§ **PROBLEM REQUIREMENTS**:
Please write out exactly the line containing "On the Impossibility" below and every line after it, through the last one, but leave out any pictures.

§ **INFORMATION PROVIDED**:
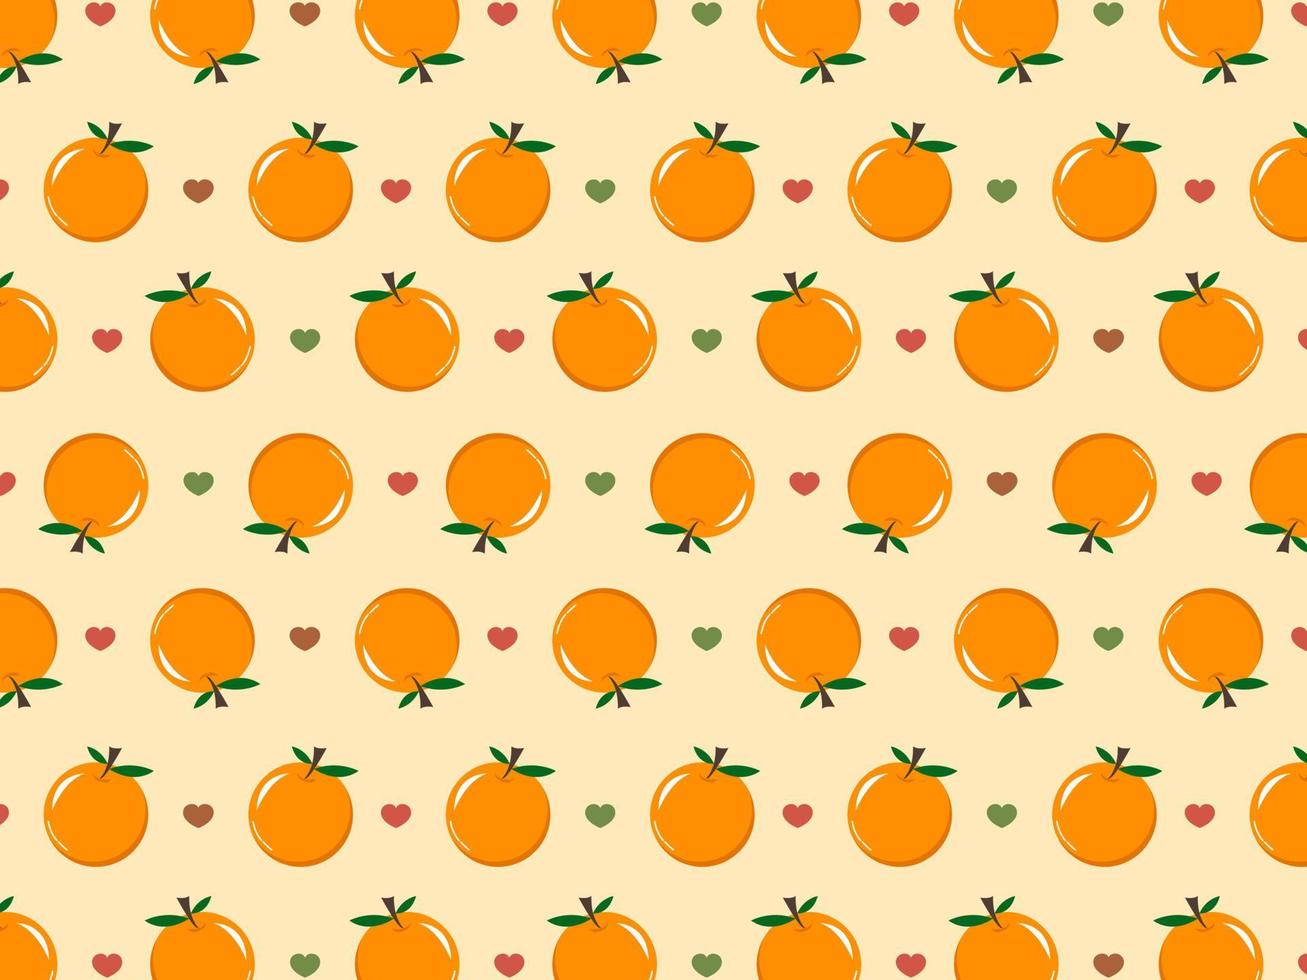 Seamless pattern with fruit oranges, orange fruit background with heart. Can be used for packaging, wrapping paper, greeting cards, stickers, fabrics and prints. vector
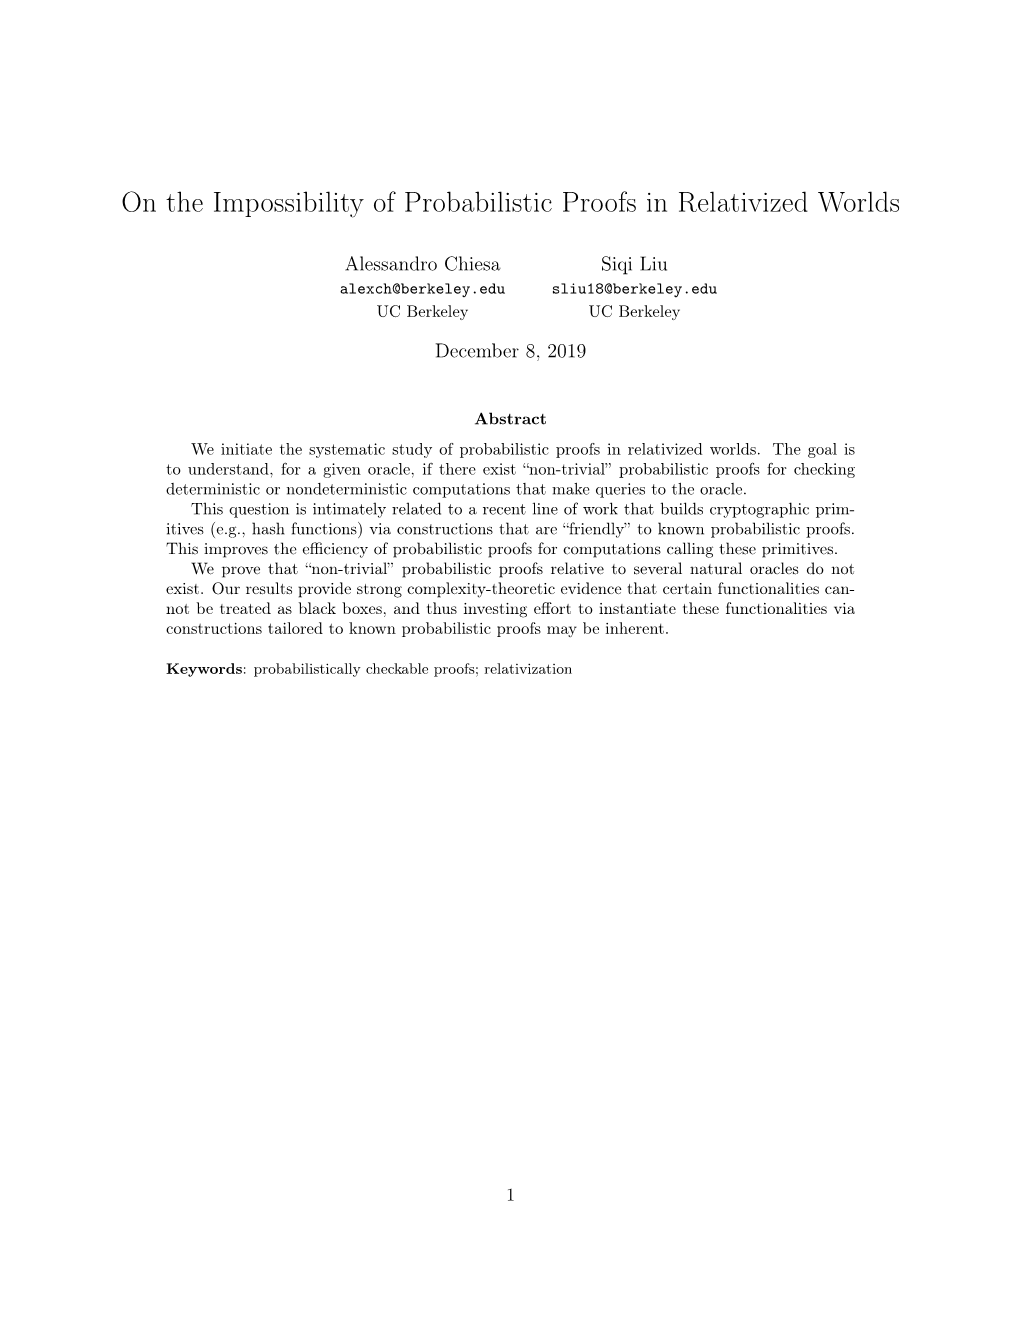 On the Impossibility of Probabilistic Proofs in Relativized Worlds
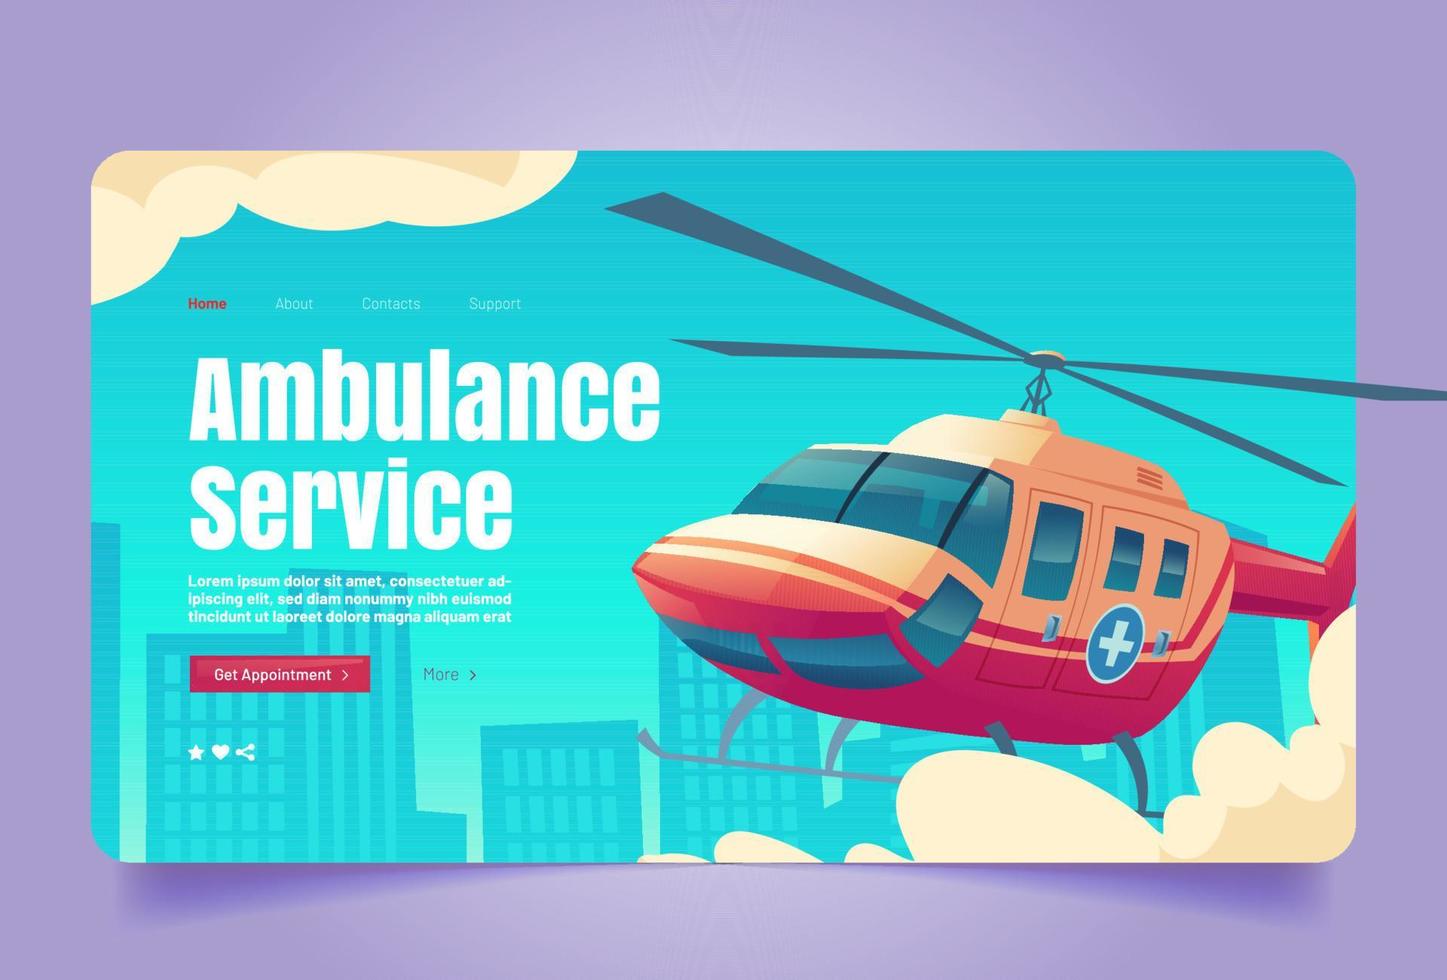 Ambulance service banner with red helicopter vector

§ **RESULT OF THE EXERCISE**:
 On the Impossibility of Probabilistic Proofs in Relativized Worlds
 Ambulance service banner with red helicopter vector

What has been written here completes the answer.